The effect of competence in the English language on SRT was assessed by dividing listeners into high competence (>7; n = 73) and lower competence (≤7; n = 72) groups. Controlling for poorer ear PTA and age, no significant SRT difference (p = 0.16) was found between the two groups for either the diotic DIN [F(1,141) = 2.47, partial η2 = 0.02] or the antiphasic DIN [F(1,141) = 1.98, partial η2 = 0.02].

DISCUSSION

Antiphasic presentation improved the test characteristics of the smartphone DIN test with higher sensitivity and specificity to detect hearing loss of various degrees, types, and symmetries than the diotic DIN. With monaural testing, it is possible to segregate a “better” ear from a “poorer” ear. Traditionally, emphasis has been placed on the function of the “better” ear to assess activity and participation, but there is now considerable evidence that asymmetric or unilateral hearing loss can reduce these aspects of hearing health almost, or as much as symmetric binaural HL (Rothpletz et al. 2012; Firszt et al. 2015; Vannson et al. 2017). It is thus important to assess the function of both ears, working together. Binaural tests, as used here, are more dependent on the relative function of both ears (see Figure in Supplemental Digital Content 1, http://links.lww.com/EANDH/A559) but because of interaural summation and unmasking effects that interaction is complex (Hall et al. 1995, 1998). A screening test should be rapid, is not intended to be diagnostic, and persons who fail the test must be referred for diagnostic testing (Wilson & Jungner 1968). The antiphasic DIN is a rapid test compared with sequential monaural testing and aims to detect all hearing losses that require further diagnostic assessment.

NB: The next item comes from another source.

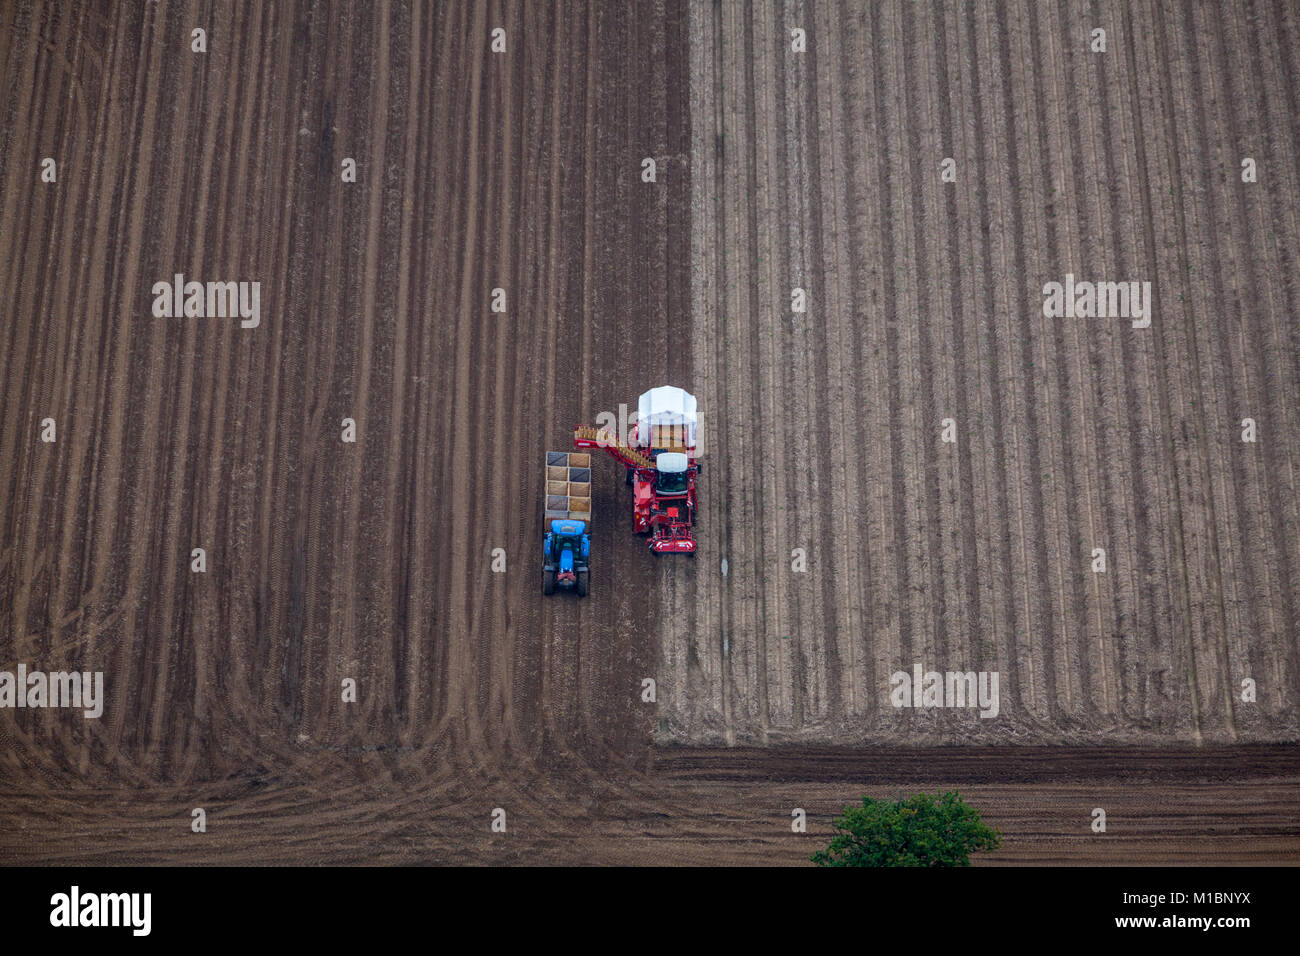 Vue aérienne de la récolte de pommes de terre, de l'agriculture, près du village de l'oeil, Suffolk, UK. Banque D'Images

Mechanisms of Antiphasic Advantage

Listeners with normal hearing in both ears were at a significant advantage for understanding speech-in-noise compared with listeners with either type or symmetry of hearing loss. This advantage is due to several mechanisms, but the primary one is binaural integration. In spatial hearing, when sound from a lateral source arrives at the nearer ear earlier than the far ear, interaural phase differences are processed as spatial cues. Brainstem neurons detect interaural timing differences as small as 10 μsec (Brughera et al. 2013), equal to about 2° of space (Middlebrooks & Green 1991). In the antiphasic DIN, the 180° interaural phase difference of the digits simulates an interaural timing difference, separating virtually the target speech from the noise. We introduced a phase inversion in the speech signals between the ears, leaving the noise in-phase (NoSπ) because the SRT improvement is larger compared with the NπSo condition (Olsen & Noffsinger 1976). Listeners in our study with “normal” hearing had 6 to 8 dB better antiphasic than diotic SRT, in line with the study of Smits et al. (2016). Peripheral hearing loss disrupts interaural timing differences by desynchronizing neural activity from the affected ear(s), reducing the antiphasic advantage (Jerger et al. 1984; Welsh et al. 2004; Vannson et al. 2017). Predicted poorer diotic SRTs due to loss of outer hair cell function and associated cochlear compression were also observed for listeners with symmetric SNHL. Antiphasic SRTs, however, demonstrated greater threshold differences in listeners with symmetric SNHL between the various categories of hearing sensitivity compared with diotic SRT.

Unilateral Hearing Loss

Diotic presentation in unilateral SNHL does not result in strongly elevated SRTs compared with listeners with bilateral normal hearing, because performance mainly reflects the better ear. Furthermore, the 1 dB advantage provided by binaural summation (Smits et al. 2016) was ineffective to detect unilateral SNHL. Listeners in this study with moderate unilateral SNHL achieved diotic SRTs comparable to listeners with normal hearing. Similarly, diotic SRTs of those with severe to profound unilateral or asymmetric SNHL, compared with those with only mild symmetric SNHL. Because listeners with unilateral SNHL could only adequately hear the digits presented to the better ear, binaural interaction was either minimal or entirely absent. Antiphasic SRTs were, as expected, significantly poorer and better reflected the degree of hearing loss in the poorer ear than did diotic SRTs.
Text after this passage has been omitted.